I was expecting to miss her, but there's been this other emotion too, and I wasn't expecting that.

My little sister has wanted to be a nun since she was six years old, and the desire only grew stronger as she grew up. After a long and discouraging search, she found a beautiful order where she felt right at home, an order bursting with young vocations and joyful faces. The day she joined, we’d never seen her so happy.

It’s a strictly cloistered order, and although she can write letters and receive the occasional visitor (through a grille!), she’s out of state, so it honestly feels like she’s in another world. Her life is completely different from mine suddenly.

I was expecting to miss her, and told all my friends that, yes, it’s hard that she’s gone, but we’re so happy for her and proud of her that it makes it easier. And I have been missing her, but there’s been another emotion too — really intense anger. I wasn’t expecting that. It took me a few weeks to pin down the emotion long enough to give it a name, and now I’m left trying to figure out where the heck that came from, because what is there to be angry about, for heaven’s sake?

I wouldn’t have been angry if she married a man and moved somewhere far without an internet connection, although our level of contact would be the same. But thinking of her in that beautiful convent, spending her days in adoration and silence and contemplation? It’s eating me up.

When I’m angry, though, it’s usually a front for fear. Anger is a much more comfortable emotion than terror, and if I have to choose, I’d always rather be angry. See, if I’m willing to admit that what my sister is doing with her life is worth doing, then I have to take a hard look at my own priorities, which is never a very comfortable thing to do. I have to face the truth that prayer is far more powerful than action, that a life that leaves the world behind is not wasted. My discomfort, it turns out, isn’t unexpected — it’s actually part of the point.
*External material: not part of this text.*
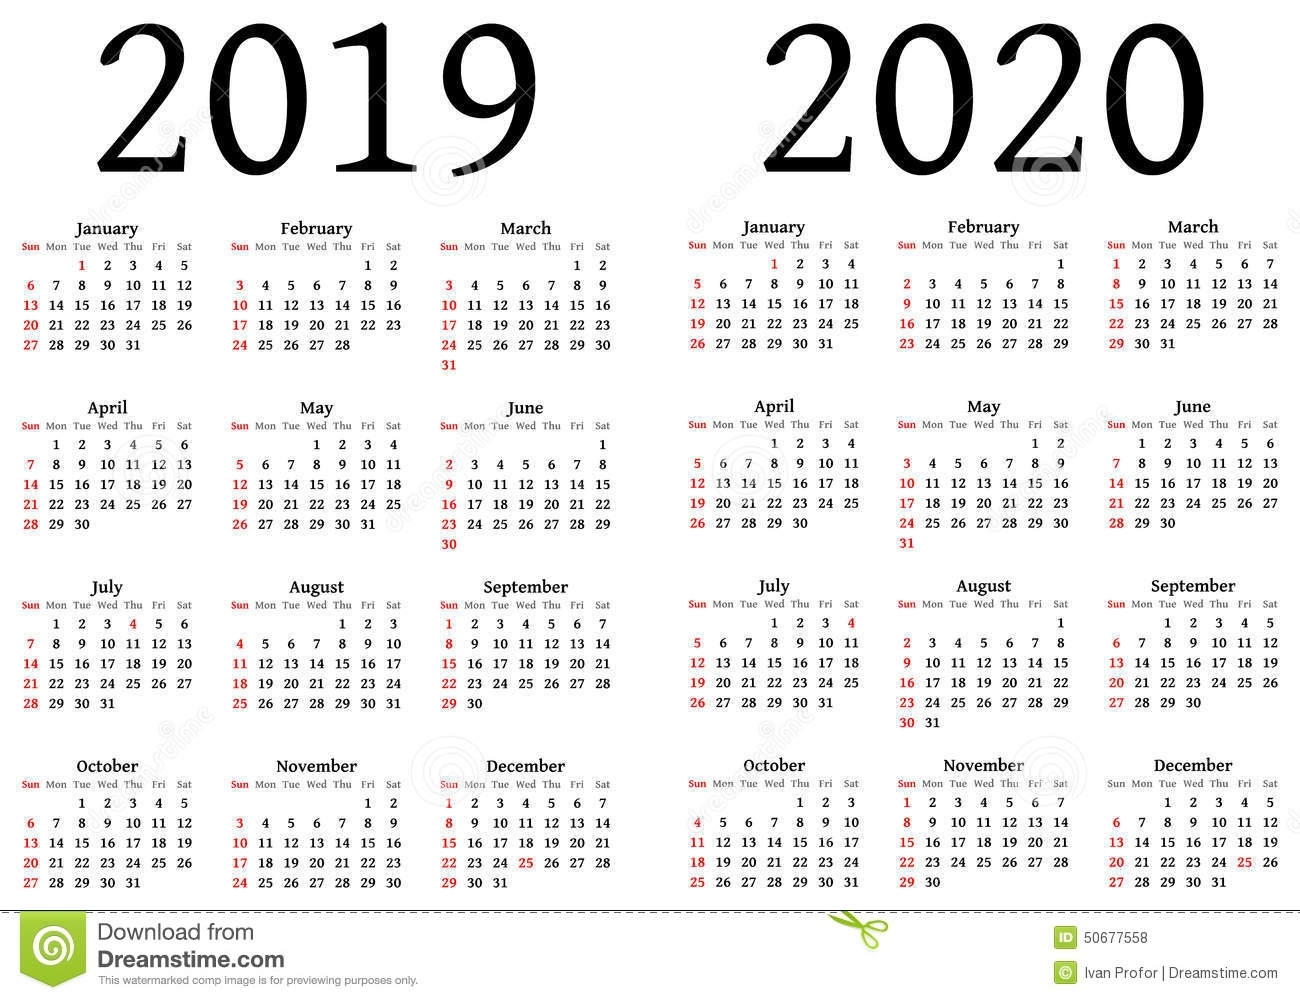 Calendar For 2019 And 2020 Stock Vector. Illustration Of Designers regarding Year Long Calendar For 2019-2020 Printable

St John Paul II, in his Apostolic Exhortation on the Consecrated Life, writes that “The religious state reveals the transcendence of the Kingdom of God and its requirements over all earthly things.” He goes on, “The first duty of the consecrated life is to make visible the marvels wrought by God in the frail humanity of those who are called. [Consecrated people] bear witness to these marvels not so much in words as by the eloquent language of a transfigured life, capable of amazing the world.”
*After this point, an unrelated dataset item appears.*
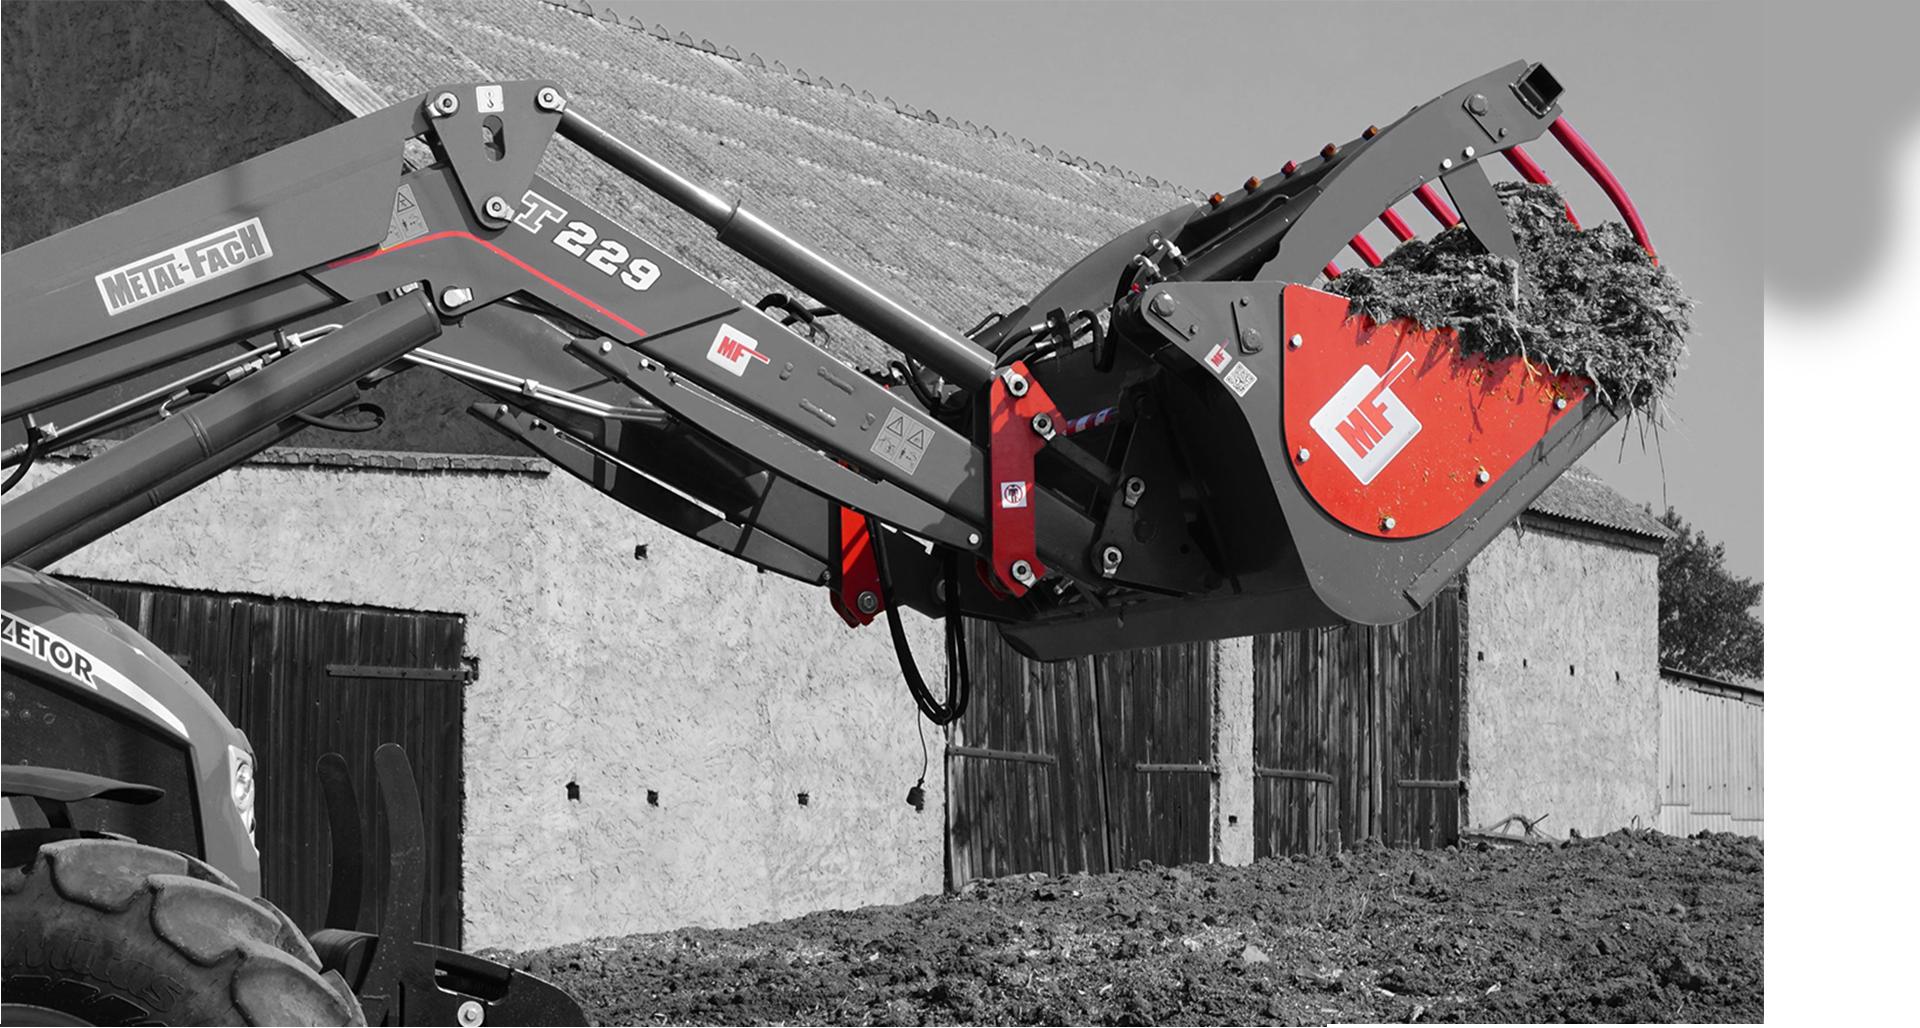 MF Front loader equipment

It’s supposed to be shocking, he’s saying, when a person follows God’s voice all the way to the convent. It’s supposed to send a message to the rest of the world — that all of us must “seek first the Kingdom of God” in the context of the life to which we’re called. My sister won’t be spending her time proclaiming this truth from the rooftops, but her silent example sends the same message, much louder than I care to hear. God can take frail humanity and transform it into the Kingdom of God, living even now on Earth, if we let him.

Very few of us are called to the consecrated life, but all of us are asked to put the requirements of the Kingdom of God “over all earthly things.” I’ve been angry because I heard that message loud and clear, and I’m facing the choice that the rich young man did, to either go all in, or go away sad. My duty to sell all I have and follow Christ won’t look like my sister’s life in its outward manifestation, but ultimately, God has asked the same thing of each of us. I’m scared, because that is the work of a lifetime, and requires an amount of love, sacrifice, and dedication to God that I absolutely don’t want to give. But the choice is clear, at least.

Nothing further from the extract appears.